Alejandro, un amigo fotógrafo, me había


contado hace unos meses que Lorenzo
estaba esperando ser operado de un
cáncer. Diego, otro amigo “chasirete”, me
contó que lo vio cuando Lorenzo salió de
la operación y que estaba muy delgado,
pero “con el humor de siempre”. Diego le
sacó fotos y lo filmó brevemente. Hoy me
enteré que murió. Lorenzo se llamaba
Lorenzo Donato Beneventano y era una
roca de carne, petisa, con un don de
gentes extraordinario. Fue semifondista
del Luna Park, antes de las peleas de
Nicolino, y también el instructor que llevó
a Carlos Salazar a ganar su título mundial.
Y durante unos cuatro o cinco años, por
las mañanas, en la Federación de Box, fue
el maestro de una ristra de fotógrafos,
periodistas, y diseñadores que habíamos
formado —liderados por Mariano Del
Aguila— un outlet de boxeadores: El
Lorenzo Beneventano Boxing Team.
Tengo amigos que se ponen pelo, otros
que se matan en el gimnasio, hacen dietas
letales o se compran ropa anatómica para
modificar lo que natura no da o dio y se
acabó. Si yo pudiera cambiar algo,
comprar algo que me falta, compraría “un
buen estado de ánimo”. Porque eso es una
bendición que pocos tienen. Arthur
Schopenhauer decía que el que disfrutaba
de esta virtud, no necesitaba pedir nada
más. ¿Para qué? Beneventano estaba
siempre de buen humor. Lo recuerdo esas
mañanas en las que nos recibía a todos en
la puerta del gimnasio. ¿Qué dice la
prensa? ¿Qué piensa, Casas, en qué
piensa? ¿Usted está dormido? Desde que
soy chico padecí cierta afección en mi
ánimo, carecía de la habilidad de ser
completamente feliz. Esto lo combatí con
las drogas durante la adolescencia y
después con las endorfinas del deporte. El
boxeo me vino bien. Me concentraba
durante unas horas en que no me peguen.
Esto paraba a la Máquina de Pensar en
Gladys, cortaba el diálogo interno. El
ambiente y la gente con la que boxeaba
también ayudaba. Con muchos nos
habíamos cruzado en redacciones, en
notas y hasta habíamos hecho temporadas
de verano. Pero nunca nos habíamos
pegado. Lorenzo dividía la clase del
Gimnasio de este modo: primero,
corríamos alrededor de los rings de la
Federación. Después, nos vendábamos las
manos (yo no lo sabía hacer bien y a
veces, rumiando insultos, me vendaba
Lorenzo) e íbamos a pegarle a la bolsa.
Lorenzo pasaba cerca nuestro y nos
arengaba. Si veía que le pegábamos mal,
o de costado, sin convicción, decía. ¿Pero
qué hace? ¿Está loco? A veces me
preguntaba ¿a quién piensa que le pega
cuando le da a la bolsa? Yo le decía que a
mi viejo, lo cual lo divertía. Lorenzo
decía que el boxeo era horrible, que era
cruel e insensato. Sin embargo no pasaba
un día sin estar en el gimnasio entrenando
pupilos. Después de la bolsa subíamos al
ring, hacíamos guantes y a veces él se
ponía delante nuestro con unos gigantes
como si fueran las manos de Edmundo
Rivero y nos hostigaba para que le
pegáramos en ellos aprendiendo a
caminar el ring. Este ejercicio te mataba.
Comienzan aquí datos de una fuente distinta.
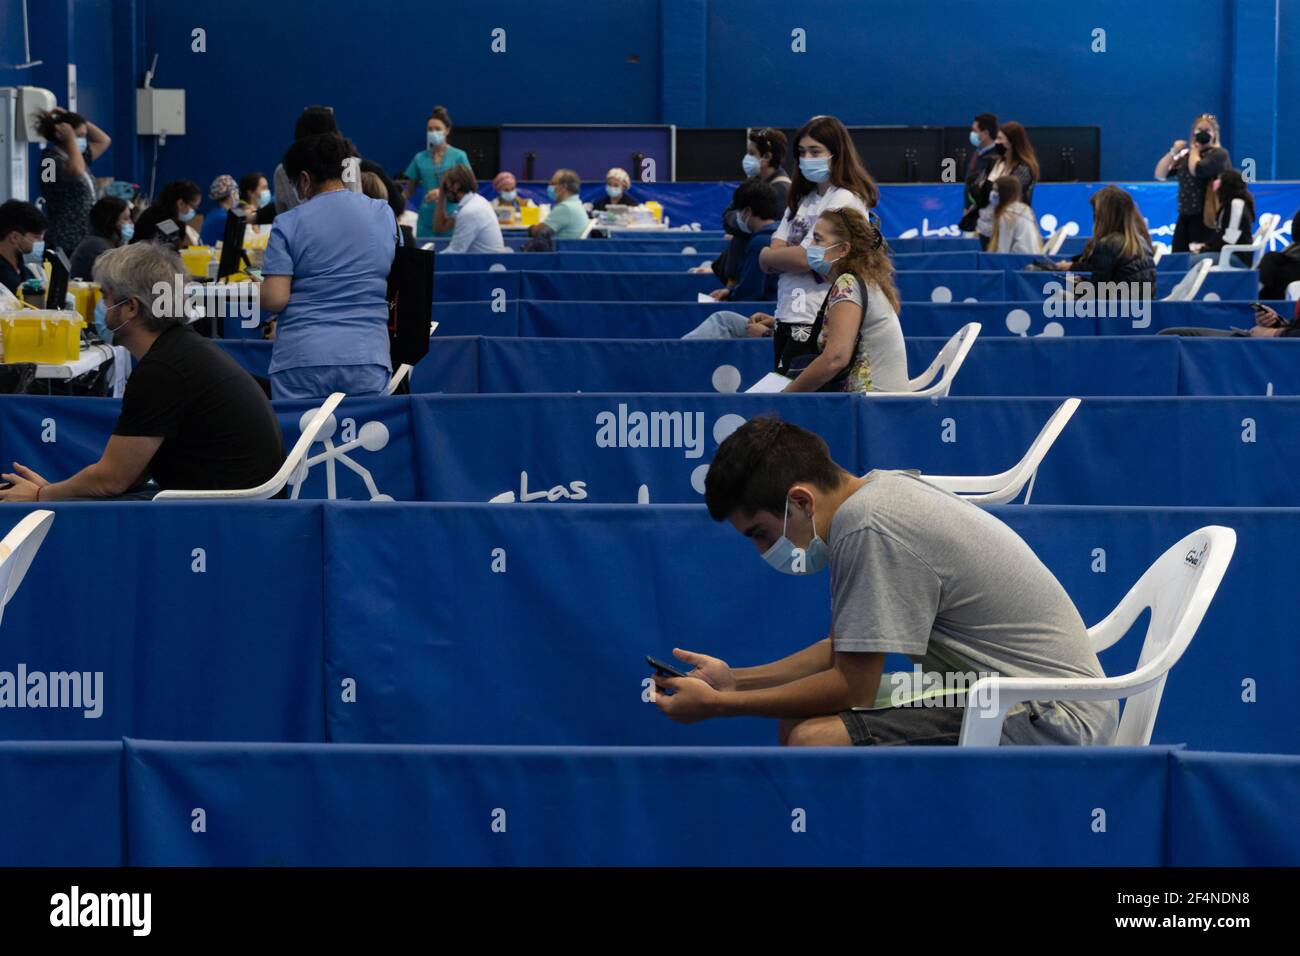 Santiago, Metropolitana, Chile. 22nd Mar, 2021. People wait to receive the dose of the Sinovac or Pfizer vaccine, in a municipal stadium transformed into a vaccination center against covid in Santiago, Chile. Credit: Matias Basualdo/ZUMA Wire/Alamy Live News Stock Photo

Si dejabas la cara libre, te surtía. Después
de hacer dos o tres rounds entre nosotros,
bajábamos y nos tirábamos en unas
colchonetas a hacer abdominales. Lorenzo
paseaba por el medio gritándonos: más
fuerte, más fuerte, téngale bronca al
cuerpo! Téngale bronca al cuerpo. Casi
una frase punk, anti new age, divertida.
Cuando nos contaba su vida de penurias
infantiles, empezaba: Yo, que fui esclavo
de los italianos… Y cuando reflexionaba
sobre su carrera, largaba: los golpes no
alimentan. Casas, me decía, poniéndome
la mano en el hombro, el boxeo es como
las estrellas, necesita de la oscuridad para
brillar. Una tarde me contó una de sus
peleas en el Luna Park. Me describió lo
que se veía desde el ring. El humo de los
cigarrillos contra el telón negro de la
noche. La forma en que le llegaban los
gritos de la gente. Yo agarré todo y lo
metí en un relato. Beneventano vivió la
época de oro del Luna Park como
boxeador y después llevó a su pupilo
Carlos Salazar a ganar el título del
mundo. Por eso estaba acostumbrado a ser
requerido por los periodistas. Algo que le
encantaba. Tenía una muletilla que
realzaba determinadas frases o anécdotas
“Esto lo dije al aire”. También tenía un
gran poder de observación que solía
resumir en un apodo. A uno de nosotros
que era extremadamente celoso de su
atención, le puso “Mimoso”. Me acuerdo
ahora y me río. Una tarde prendo la tele y
en Crónica tv está Lorenzo hablando en
medio de policías, gente tirada en la
vereda y patrulleros puestos de culata en
la entrada de la Federación de Box. En el
local pegado, que vende cosas de boxeo,
había entrado un caco. Tuvo la mala
suerte de que Lorenzo estuviera orinando
en el baño de atrás. Cuando salió, el caco
que encañonaba al vendedor lo apuntó a
él. Lorenzo le tiró una combinación de
piñas certeras, aéreas y pesadas. Se lo
tuvieron que sacar al tipo de encima.
Después “dijo al aire” que se había puesto
muy nervioso. No debería haber sido
lindo que te pegaran esa manos inmensas,
callosas. Sin embargo, Lorenzo no
transmitía ni tragedia ni dolor —como
muchos boxeadores— sino ganas de
abrazarlo. Era, como dice Conrad de Lord
Jim, uno de los nuestros.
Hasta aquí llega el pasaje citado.